6 of 6 people found the following review helpful:
4.0 out of 5 stars
Some worrying aspects of PC., 10 April 2003
This review is from: The Politics of the Forked Tongue: Authoritarian Liberalism (Paperback)
This penetrating book is written from a traditional liberal perspective. It both explicates and laments the take-over of teritional liberalism by Psuedo-Liberals, people who use it to further their own ends. Liberalism is a freedom loving creed but the doctrine that is replacing it, Political Correctness, is essentially totalitarian. Rather than promote freedom of association, it regulates and restricts relationships. Whereas liberals believe there is a significant division between the public and private areas of our lives, the new liberals have a slogan,"the private is public." They want to poke in even our most intimate relationships and tell us how we should talk to each other and what we can or cannot say to each other.
Dr. Rankin, explains:"These politics were until recently associated with the "loony left" and so the butt of dry humour, have now become intellectual orthodoxies. Identity politics(which replaced economic beliefs with the far-left)has assumed increasing prominance in public life, at the same time as the left-wing world view is struggling for recognition. At a time when the idea of public ownership and public service is under attack, the nationalised race and sex discrimination bureaucracies expand and acquire new powers.
Traditional liberalism has an impoverished political vocabulary and a loss of will, which means it can no longer defend freedom against this rise in "Totalitarian" thought and practice.
While watch the statue of Saddam being pulled down in Bagdad and freedom and Democracy proclaimed our own freedom and our Democracy is being eaten away by Political correctness.
Dr.

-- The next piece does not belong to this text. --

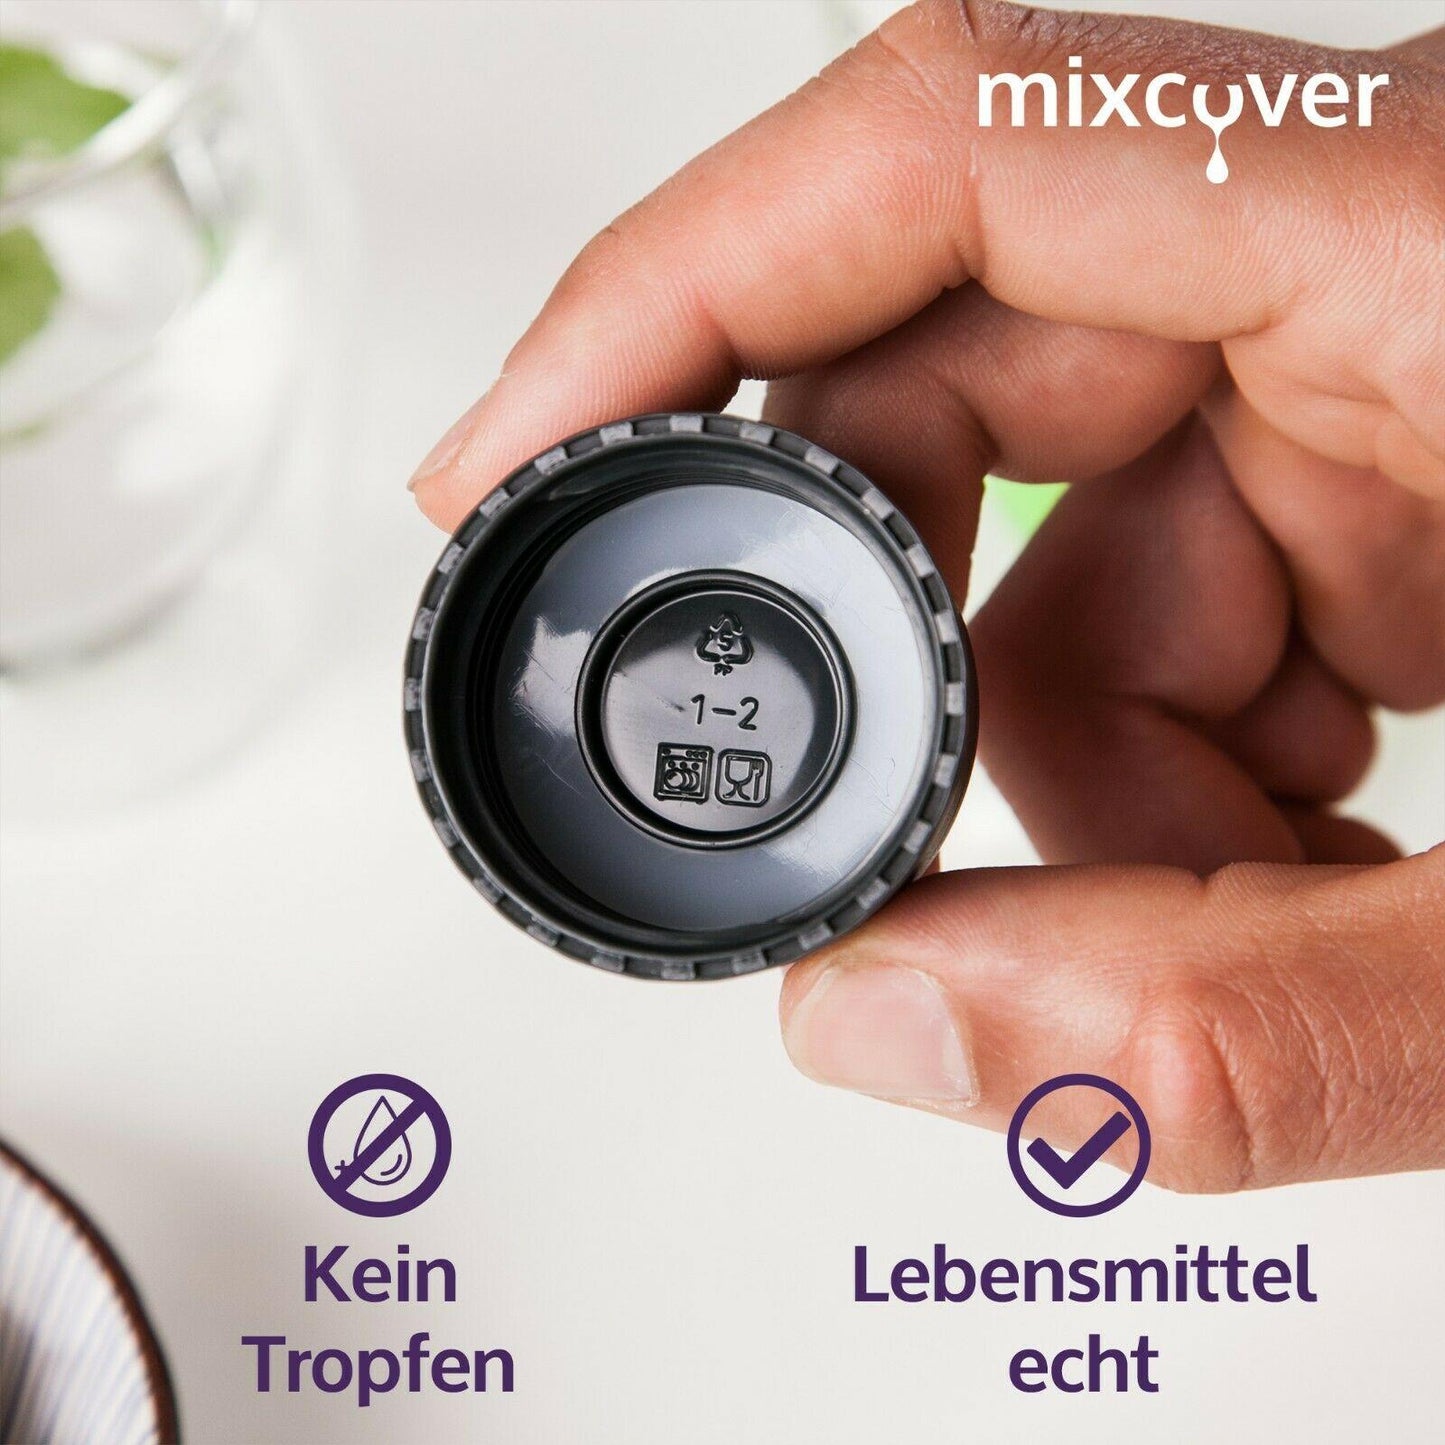 mixcover Ersatzdeckel passend für SodaStream PET Kunstoffflaschen 2er Set - Mixcover - Mixcover

Rankin, alerts us to a hidden connection: "The underlying similarity between Political Correctness is that they are both based on a deterministic belief in "Progrees", both seek wholly materialistic solutions to human problems and both are "Internationalist" in the sense that they do not care for local custom or the differences between nations." As mrs. Thatcher famously said, "There is no such thing as society".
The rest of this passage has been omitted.